Workflows give users control over how multiple prompts should be combined together at once.
Internally, this leads to more consistent prompting. Instead of team A directing AI to synthesize content in one format, then for team B to write their own prompt to generate an open-text response, workflows allow a single owner to define prompts for every step in a process in a consistent and centralized fashion. They might also define workflows as templates for others to re-use from as needed.

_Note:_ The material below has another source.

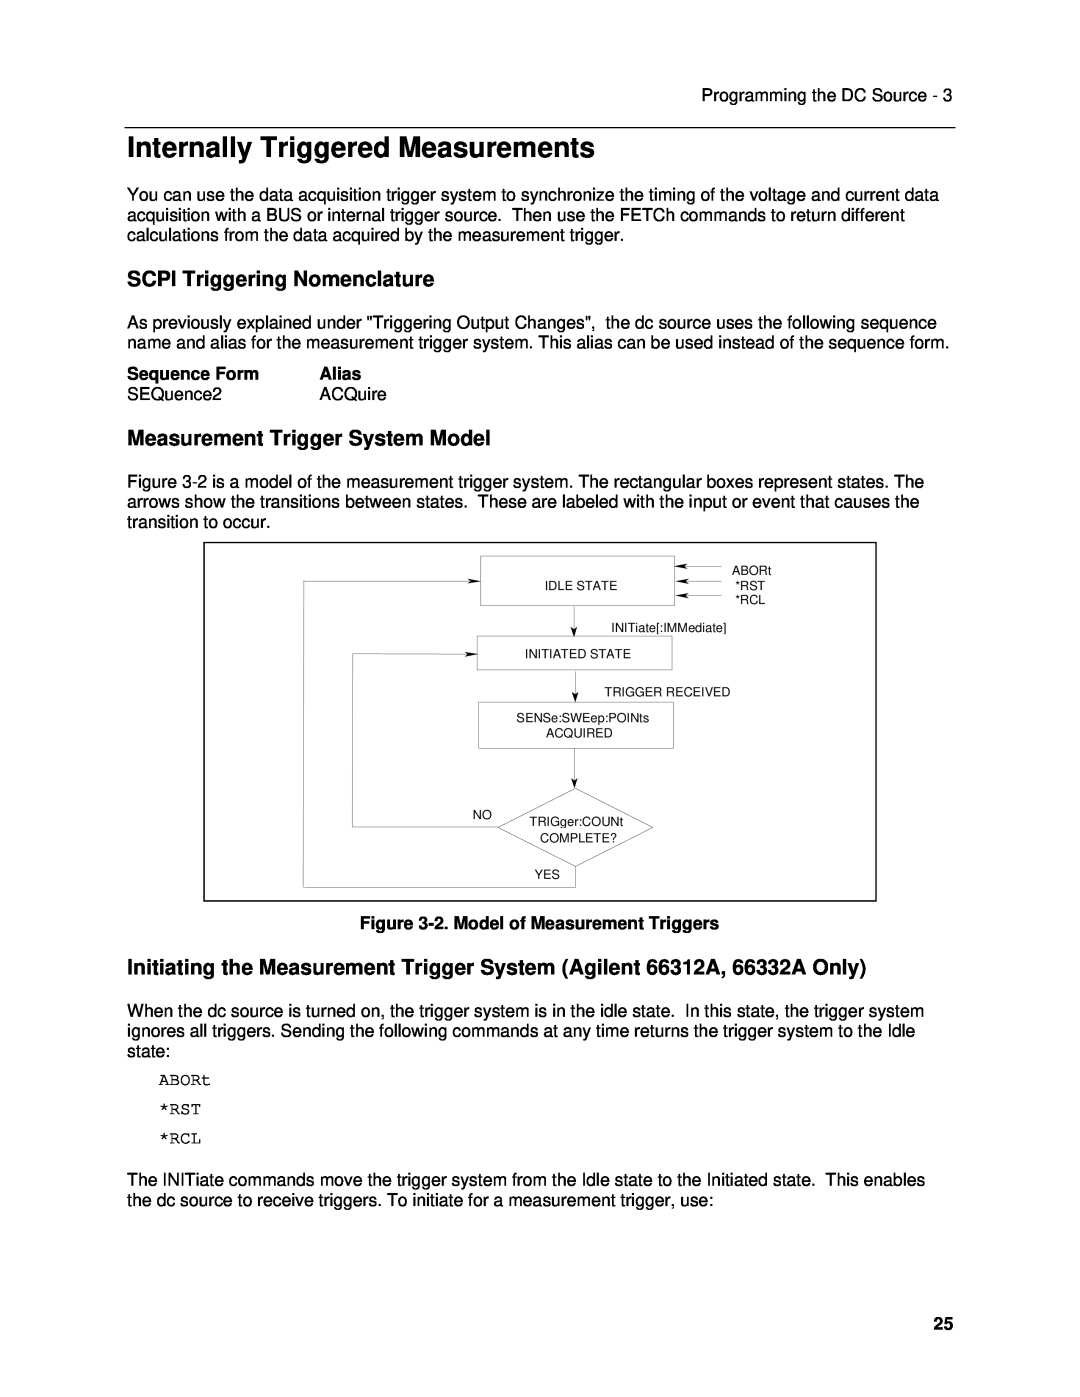 Agilent Technologies 6613C, 6634B, 66332A, 6633B, 6632B Internally Triggered Measurements, Measurement Trigger System Model

Generative workflows also give us more control over how our internal data flows across systems. Prompts that allow us to access data in third party systems can instruct the AI to retrieve specific data into the centralized workflow for further prompts to reference, summarize, or combine into a RAG-based response as references.

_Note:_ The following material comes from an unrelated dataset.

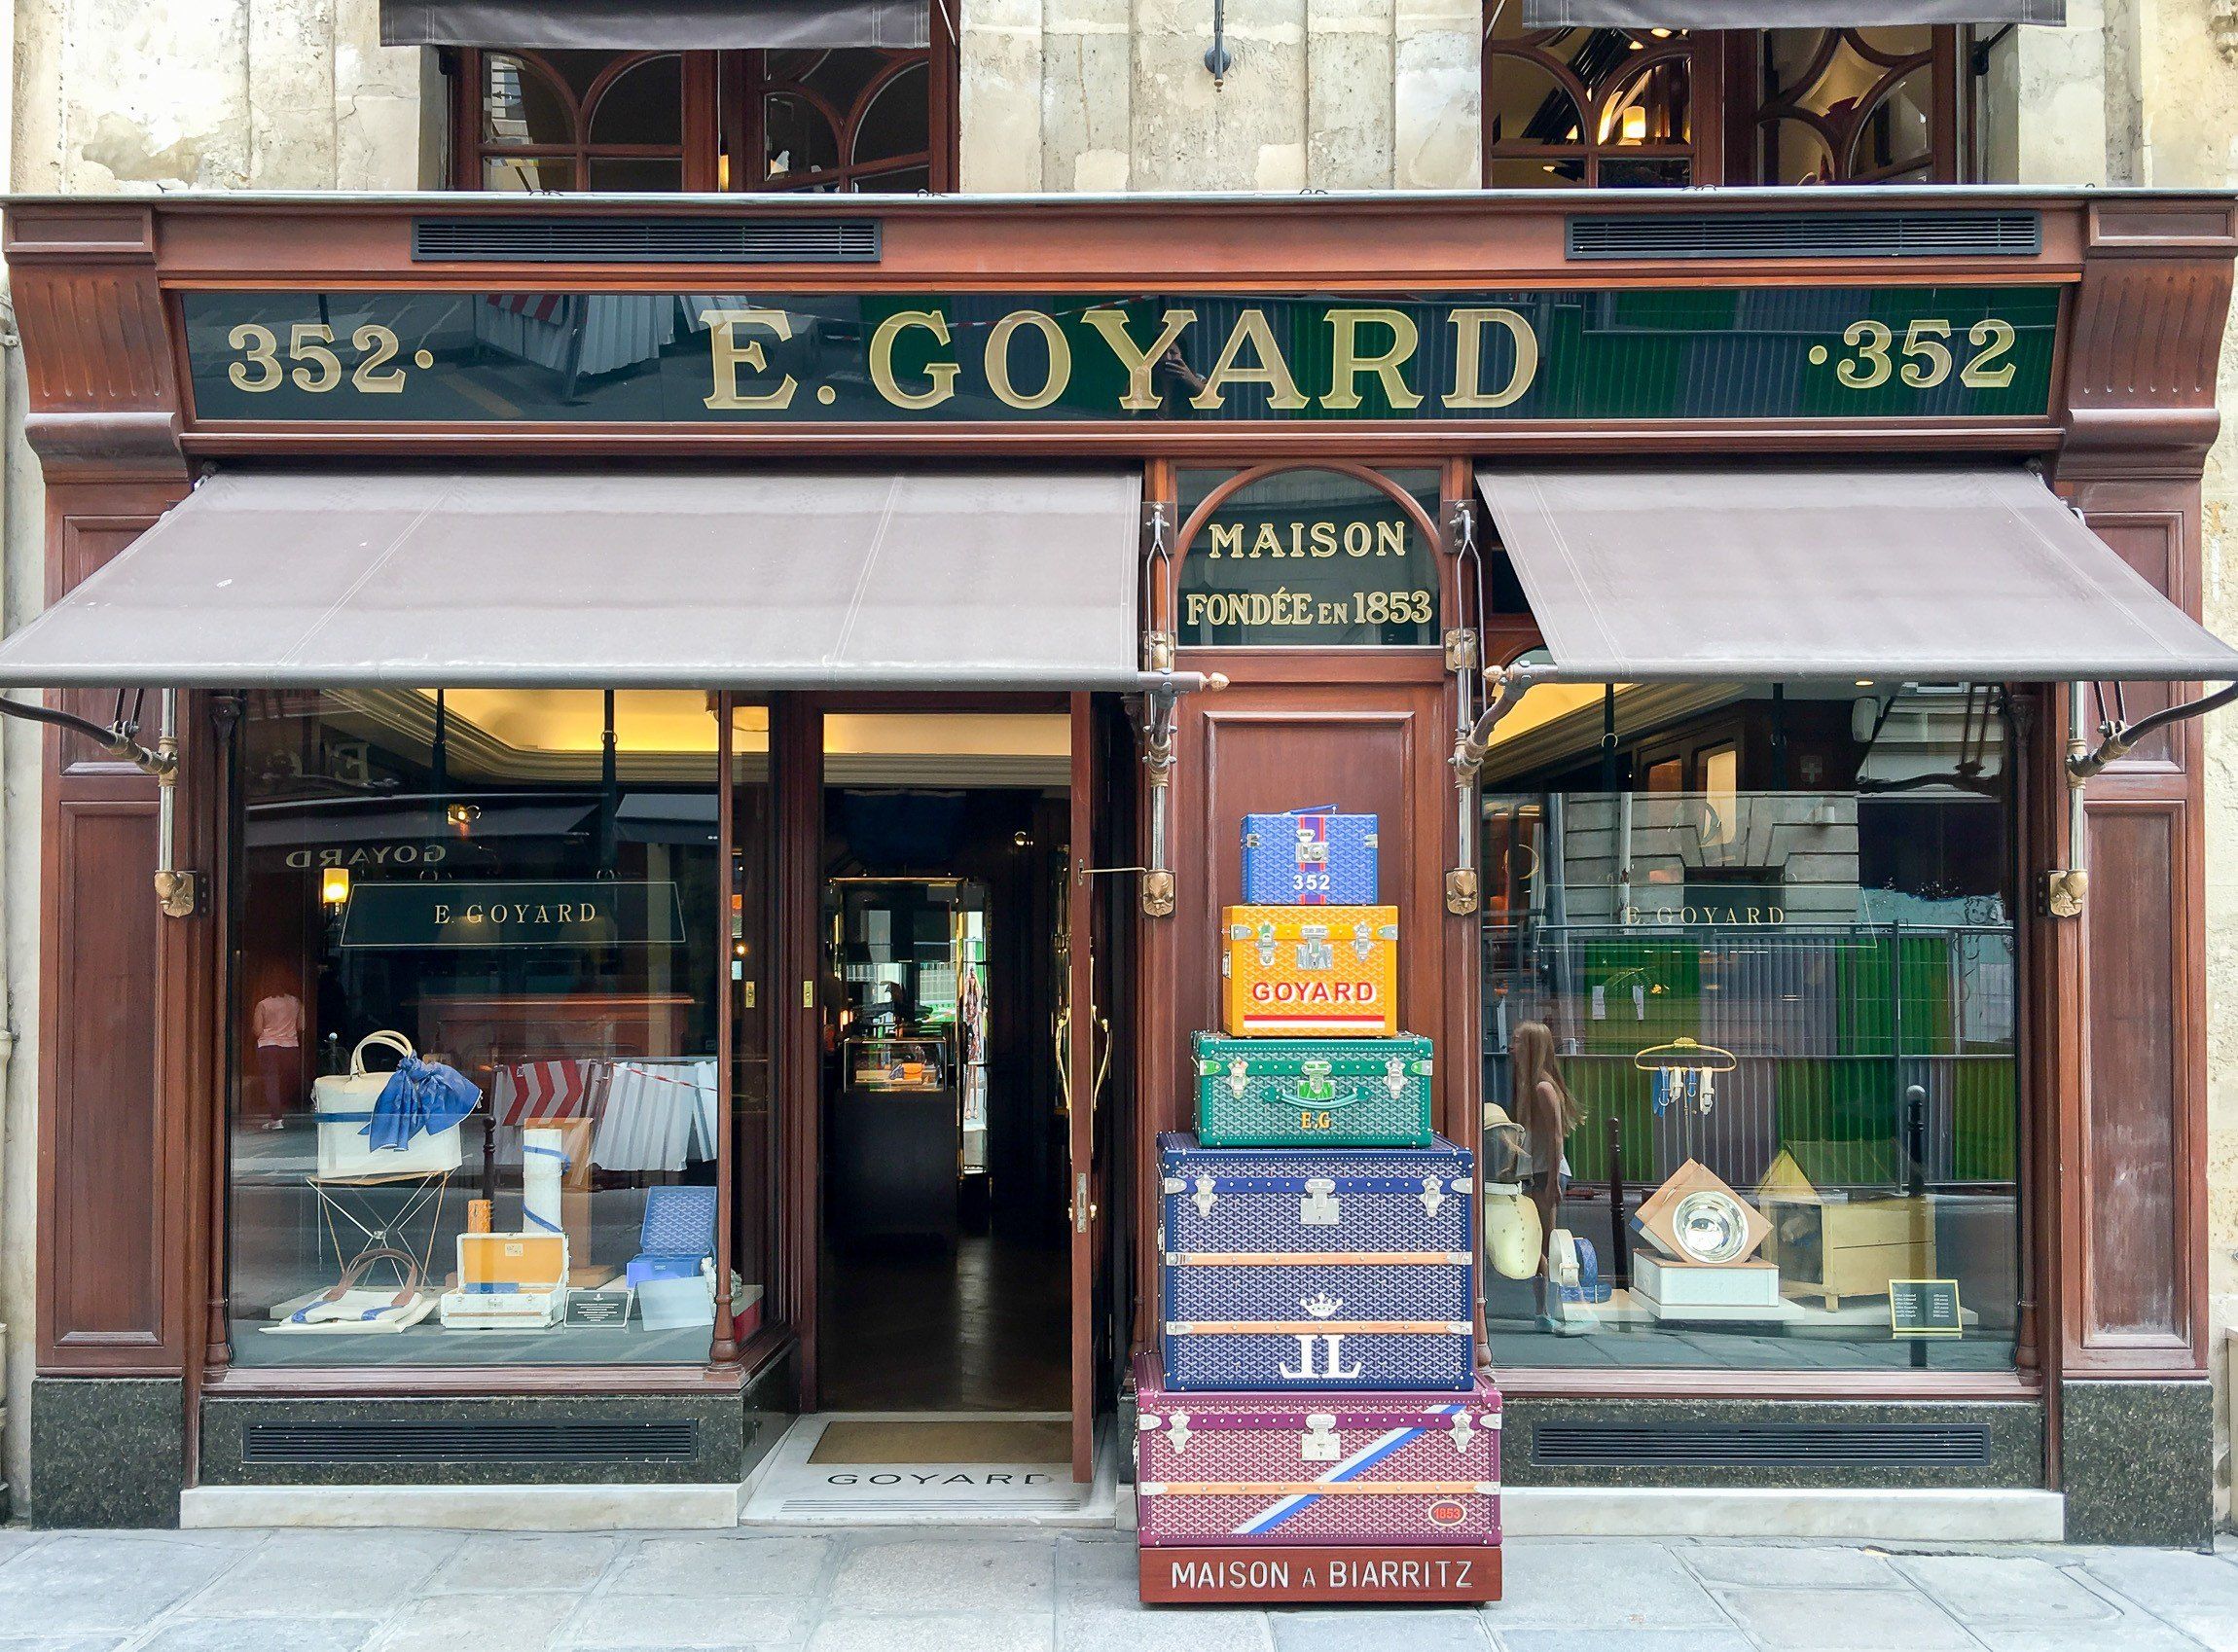 Maison Goyard - *Ever since 1890, Maison Goyard has been

For example, take a workflow that synthesizes customer insights and builds draft knowledge center articles on a weekly basis using a string of prompts. In this scenario:
- A synthesis prompt analyzes customer insights and summarizes the key takeaways
- That summary can be run through ChatGPT to process it against a framework for severity and need
- The AI then generates a sample outline for the most severe knowledge base needs, and adds the remaining ideas to the backlog to keep pulse on
- Knowledge base managers are alerted by the AI when a new outline is ready to be reviewed
Even with generative AI, this process could take multiple hours to run and manage every week. Instead, AI can orchestrate the process in a matter of minutes. This type of process will be especially common as agents become more common as an AI Service.
Workflows aren't always the right tool for the job, but they are a powerful tool when leveraged.